Once Professor Bhoedjang arrives and settles in, we’ll finalize the project plan and will make an announcement in class. 

CS415 takes time, which is why we offer it as a separate 2-credit course. The course meets once per week, on Monday at 3:35 in Thurston 205, but most of the time associated with it will be spent in front of PC's in our Intel CSUG lab (Upson 313), coding your solutions and testing them.

Students who enroll in CS415 gain a direct exposure to the sorts of core issues that arise when working with contemporary operating systems.  This experience is relevant to many other settings.  Moreover, students who have had the experience of building a moderately large software system in a structured, supervised manner often find it much easier to structure other large software projects and to debug large systems in a step-by-step manner later. 

All of your work, in both CS414 and CS415, is expected to be done individually.  We won’t have any programming “teams” this year, and although you are welcome to talk to friends, your work must be your own.  Sharing of code is strictly forbidden.
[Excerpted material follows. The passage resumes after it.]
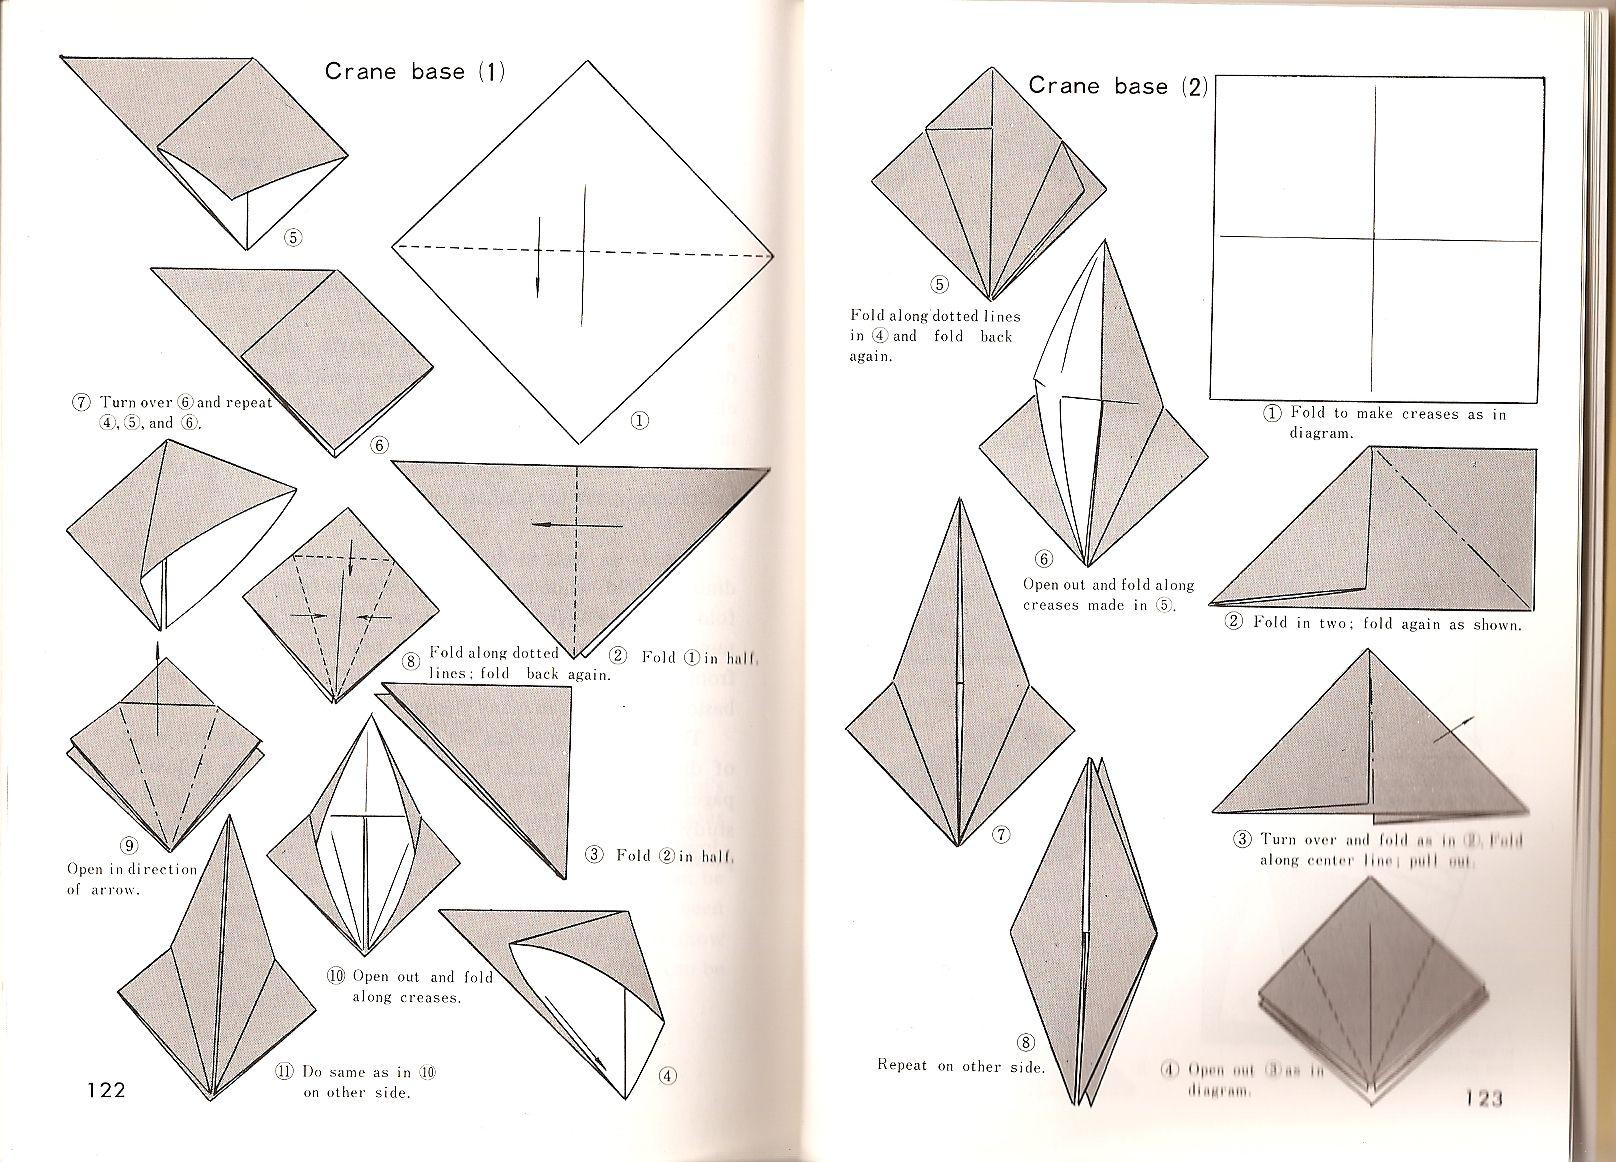 Origami crane making instructions google search 1000 e wash origami crane making instructions google search jeuxipadfo Choice Image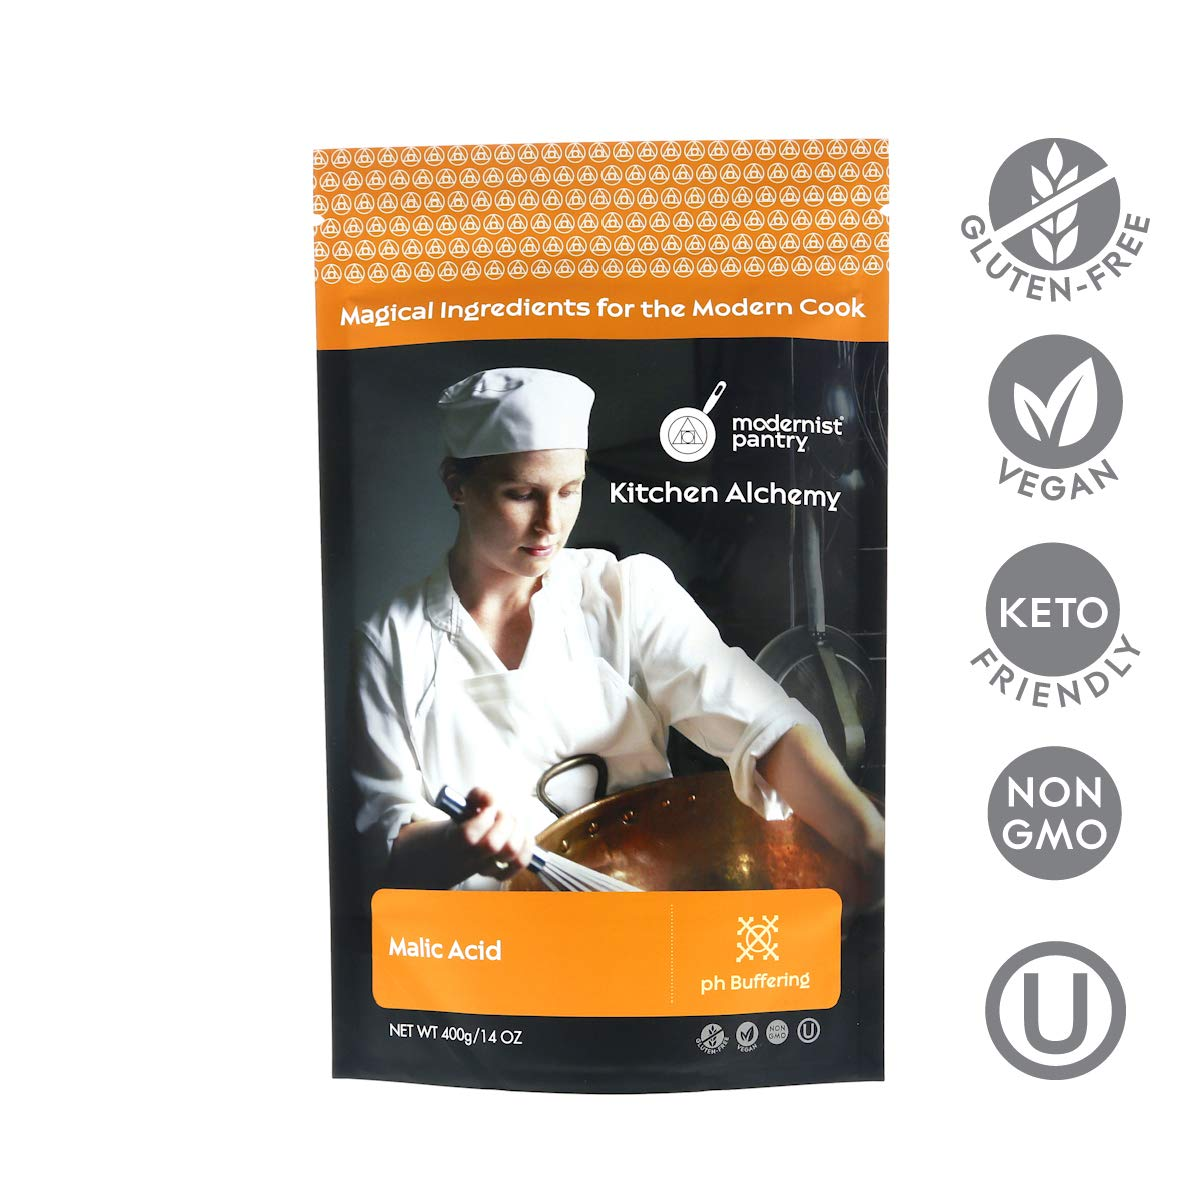 Pure Malic Acid ⊘ Non-GMO ❤ Gluten-Free ☮ Vegan ✡ OU Kosher Certified - 400g/14oz

CS414 Text:  Silbershatz, and Galvin: Operating Systems Concepts (5th Edition)

Prerequisites

CS414 requires some general knowledge of simple programming techniques and data structures.  Normally, you get this in CS410, which is a pre-requisite or co-requisite to the course.  It also requires a good understanding of computer architecture at the level of CS314: assembler language, subroutine calls and argument passing, registers, memory caches, virtual memory hardware, interrupts and processor priority, kernel-user mode, DMA transfers, device interfaces.  We won't cover this material and we will refer to it.

Teaching Assistants

CS414 and 415 have 4 TA's this fall:  Fabio Pellacini, Rie Ando, Matthew Harris and Ioannis Vetsikas, as well as two additional MEng TA’s.  We haven’t worked out the exact responsibilities for the different TA’s yet but all of them will have office hours, and we’ll provide details in a handout soon.

Prelims and Exams

There will be two in-class CS414 prelims and a final.  Because the University scheduled the final very late (Dec. 16), we’ll have it in class on the last day of classes instead.  The three exams count equally towards your grade.  There will also be a few homework asssignments; homeworks count for between 15% and 25% of your grade (the exact curve won’t be decided until later in the semester).  CS415 is graded entirely on the basis of the projects.